Holidays on Ice
- Author: David Sedaris
- Language: English
- Genre: Essay and short story collection
- Publisher: Little, Brown and Company
- Publication date: December 1997
- Publication place: United States
- Media type: Print (Hardcover and Paperback)
- Pages: 128 pp (first edition, hardcover)
- ISBN: 0-316-77998-9 (first edition, hardcover)
- OCLC: 37187549
- Dewey Decimal: 813/.54 21
- LC Class: PS3569.E314 H65 1997
- Preceded by: Naked
- Followed by: Me Talk Pretty One Day

= Holidays on Ice =

1997 book by David Sedaris

Holidays on Ice is a 1997 collection of essays and stories about Christmas, some new and some previously published, by David Sedaris.

Sedaris was named by The Economist as one of the funniest writers alive. This is one of his first works, which was subsequently re-released with additional new passages.

The most popular essay is "Santaland Diaries", which is Sedaris' take on working as an elf at a department store grotto during Christmas season.

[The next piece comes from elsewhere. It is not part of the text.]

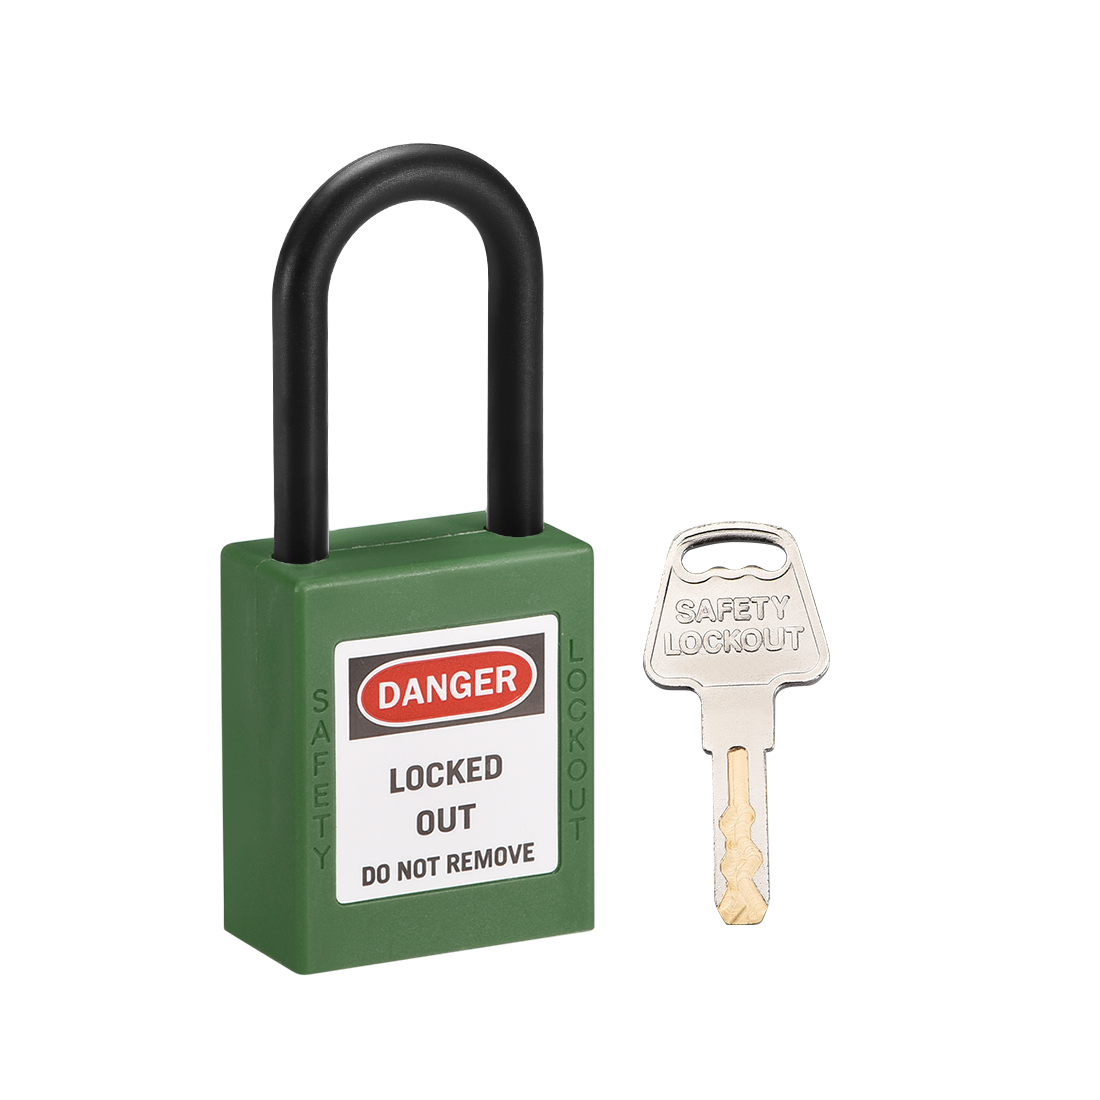 Lockout Tagout Locks, 1-1/2 Inch Shackle Key Alike Safety Padlock Plastic, Green

"Holidays on Ice" was re-released in October 2008 by publisher, Little, Brown & Company. The book has 176 pages.

== Contents ==

=== SantaLand Diaries ===
"SantaLand Diaries" recounts Sedaris' experiences working as an elf at Macy's department store. The essay was originally broadcast on NPR, and is also included in Sedaris' first book Barrel Fever.

=== Season's Greetings to Our Friends and Family!!! ===
A Christmas letter from the Dunbar clan detailing matriarch Mrs. Dunbar's slow descent into insanity during the holiday season—belied by her insistently cheerful tone—as she is forced to cope with the discovery of her husband's infidelity, the resultant prostitute stepdaughter left in their care, and her drug-addict daughter's premature pregnancy. Also first published in Barrel Fever.

=== Dinah, the Christmas Whore ===
Sedaris recalls the Christmas that he was taken on a late-night ride downtown by his sister, Lisa, to rescue a prostitute from her abusive boyfriend. This story was also published in Sedaris' 1997 book Naked.

=== Front Row Center with Thaddeus Bristol ===
A review of the local grade school's Christmas pageant.

=== Based on a True Story ===
Where a member of the media begs a church congregation for information on a heartbreaking story.

=== Christmas Means Giving ===
Where battling neighbors try to outdo each other with holiday generosity.